• Work task: Without the pictures, give the listing below again exactly.

• Collected data:

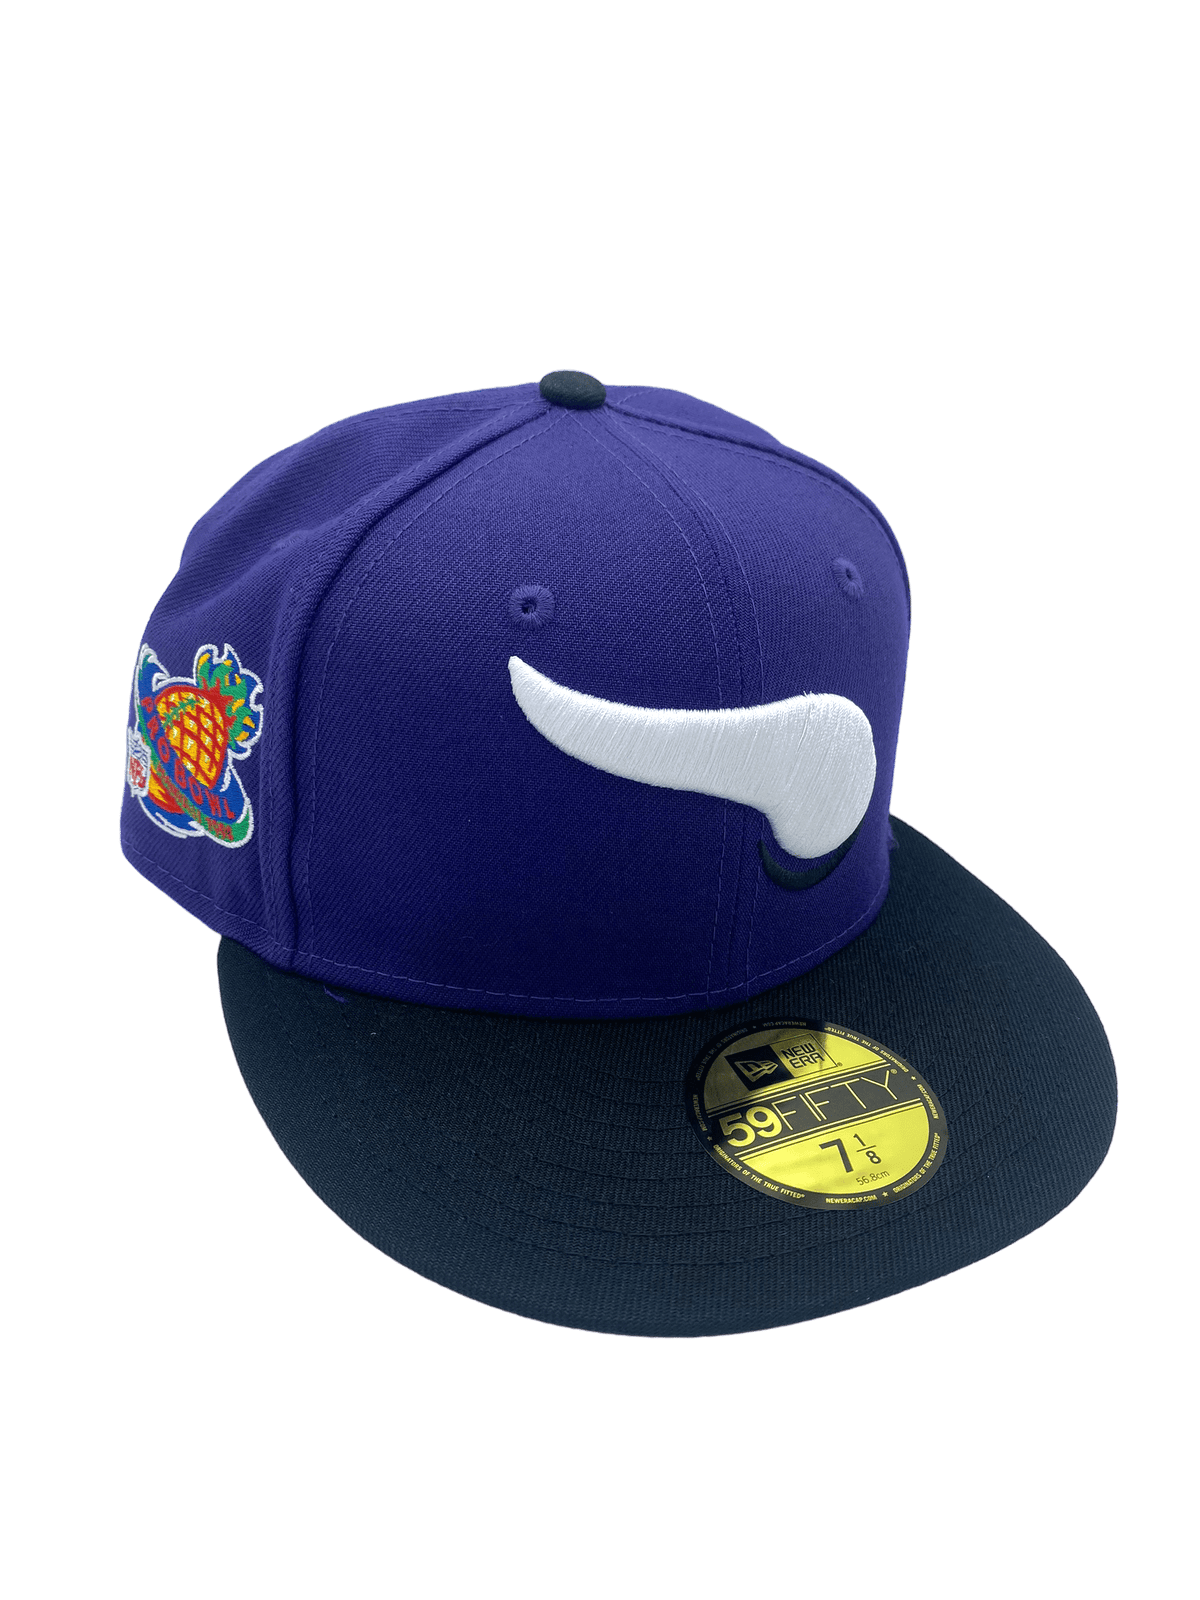 San Diego Padres Draft Day Navy White 59Fifty Fitted Hat by MLB x
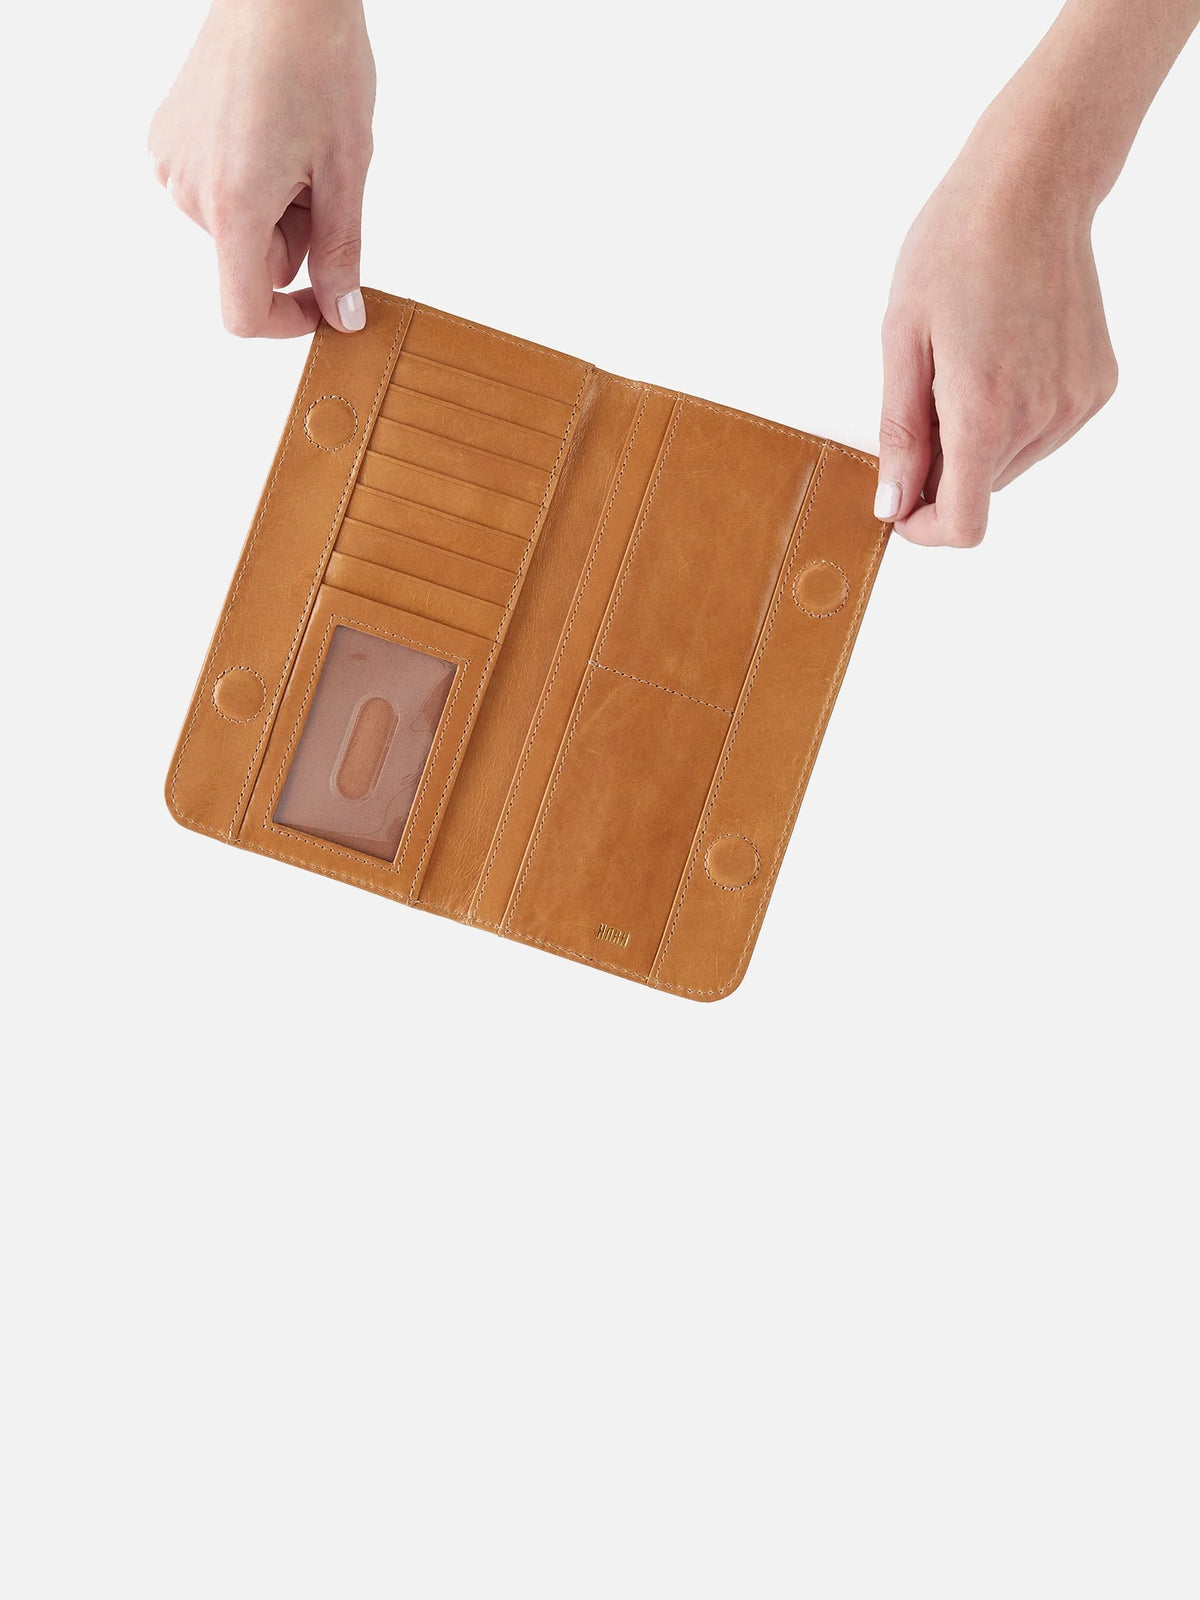 hobo angle continental wallet in natural polished leather
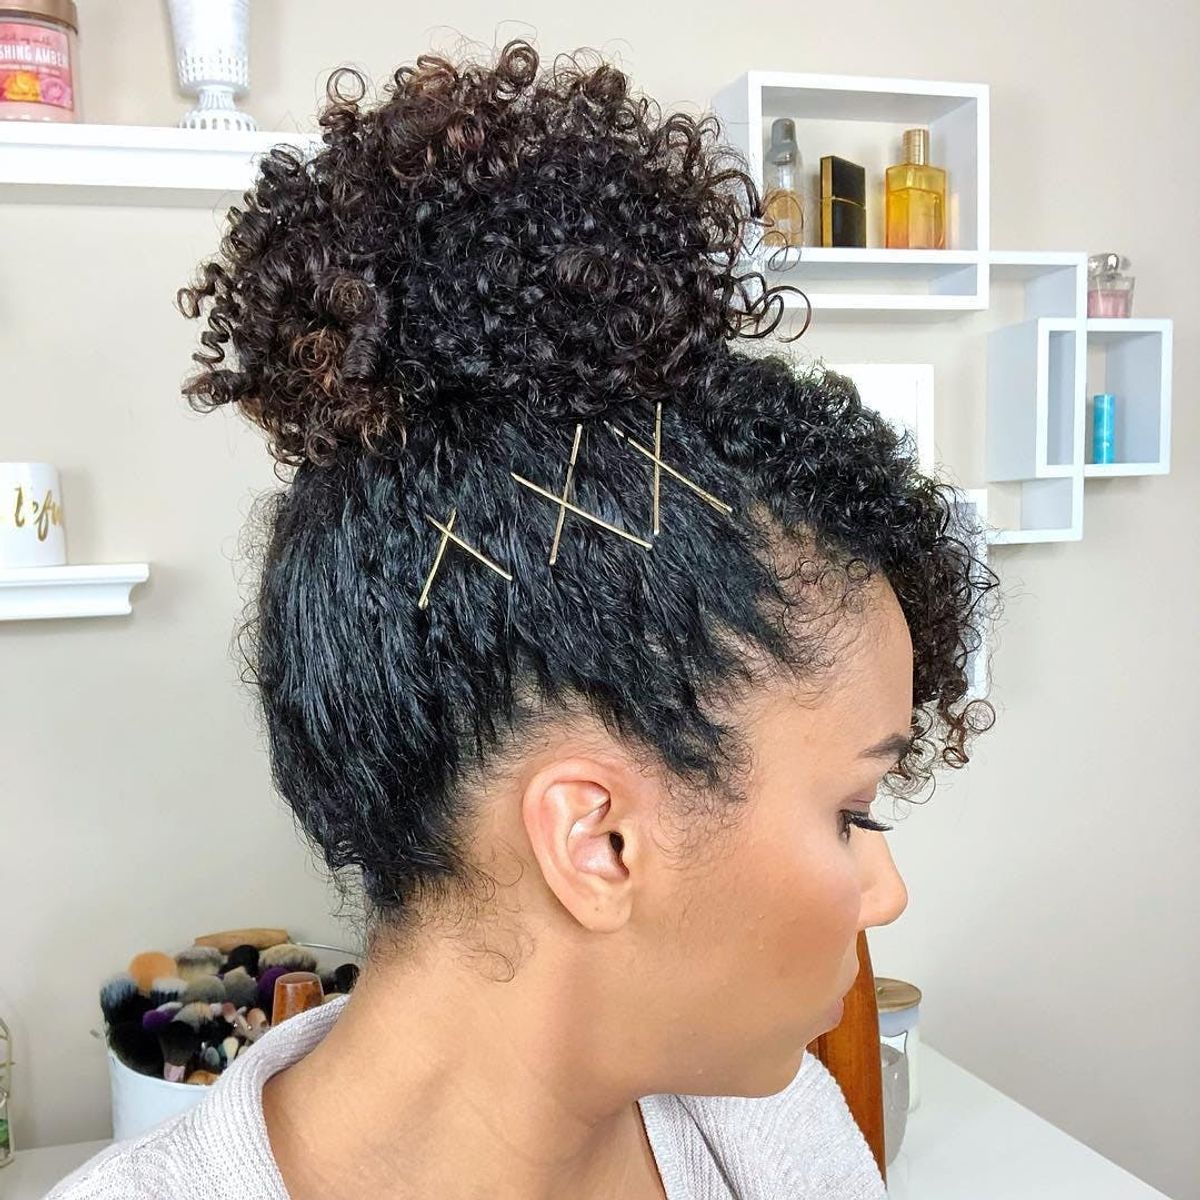 Bobby Pins Are the New Trendy Hair Accessory You Already Own

• Answer to the problem:
 San Diego Padres Draft Day Navy White 59Fifty Fitted Hat by MLB x
 hobo angle continental wallet in natural polished leather
 Bobby Pins Are the New Trendy Hair Accessory You Already Own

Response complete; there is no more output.